We notice that the only terms with $i$ are the second and the fourth terms. Thus for the expression to be a real number, either $\cos(a\pi)$ or $\sin(b\pi)$ must be $0$, or the second term and the fourth term cancel each other out (because in the fourth term, you have $i^2 = -1$).

$\text{Case~1:}$ Either $\cos(a\pi)$ or $\sin(b\pi)$ is $0$.

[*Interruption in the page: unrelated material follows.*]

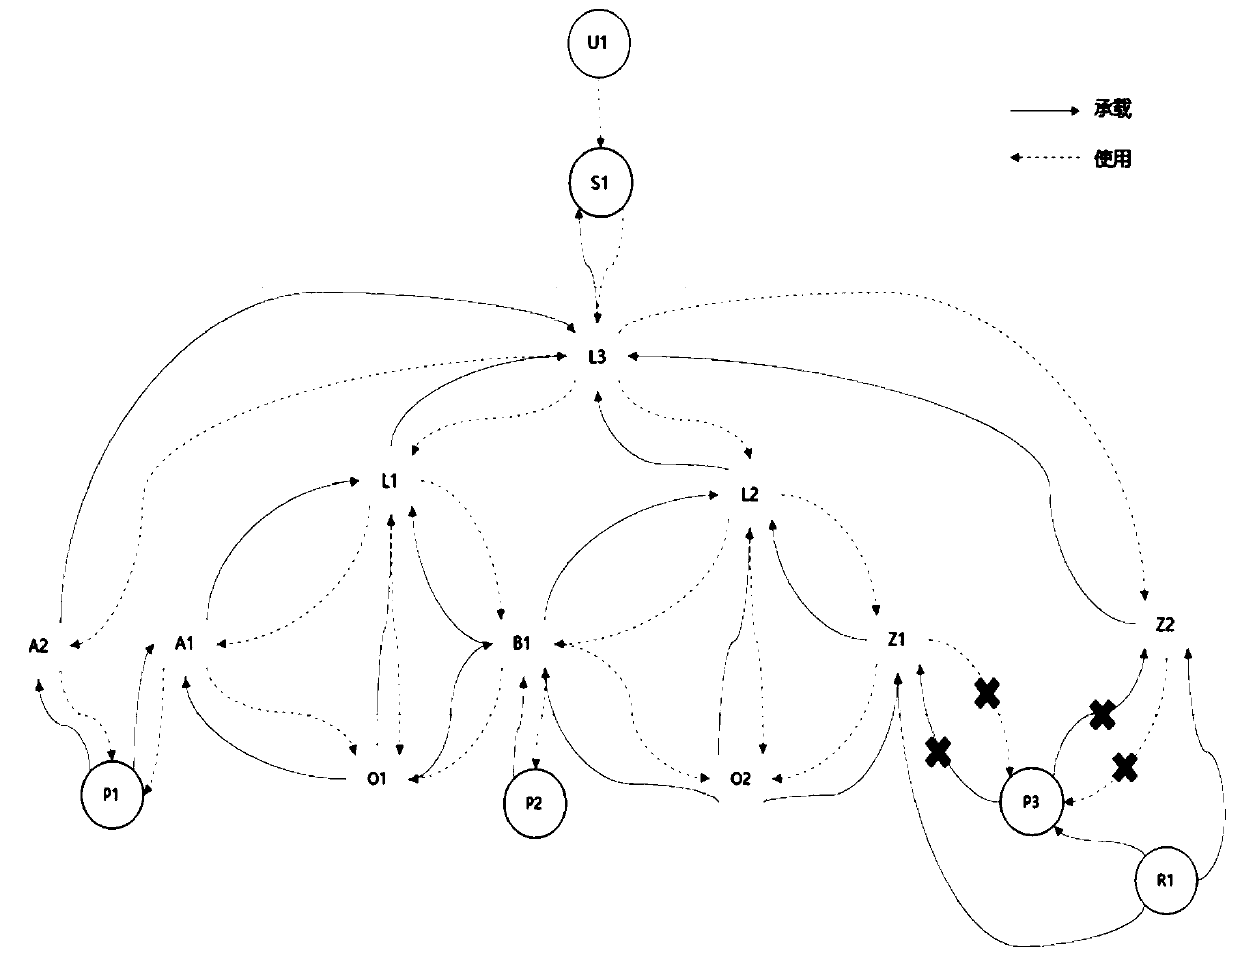 Alarm correlation analysis method based on a graph data model

The two $\text{a's}$ satisfying this are $\tfrac{1}{2}$ and $\tfrac{3}{2}$, and the two $\text{b's}$ satisfying this are $0$ and $1$. Because $a$ and $b$ can both be expressed as fractions with a denominator less than or equal to $5$, their are a total of $20$ possible values for $a$ and $b$:

\[0, 1, \frac{1}{2}, \frac{3}{2}, \frac{1}{3},\] \[\frac{2}{3}, \frac{4}{3}, \frac{5}{3}, \frac{1}{4}, \frac{3}{4},\] \[\frac{5}{4}, \frac{7}{4}, \frac{1}{5}, \frac{2}{5}, \frac{3}{5},\] \[\frac{4}{5}, \frac{6}{5}, \frac{7}{5}, \frac{8}{5}, \text{and} \frac{9}{5}.\]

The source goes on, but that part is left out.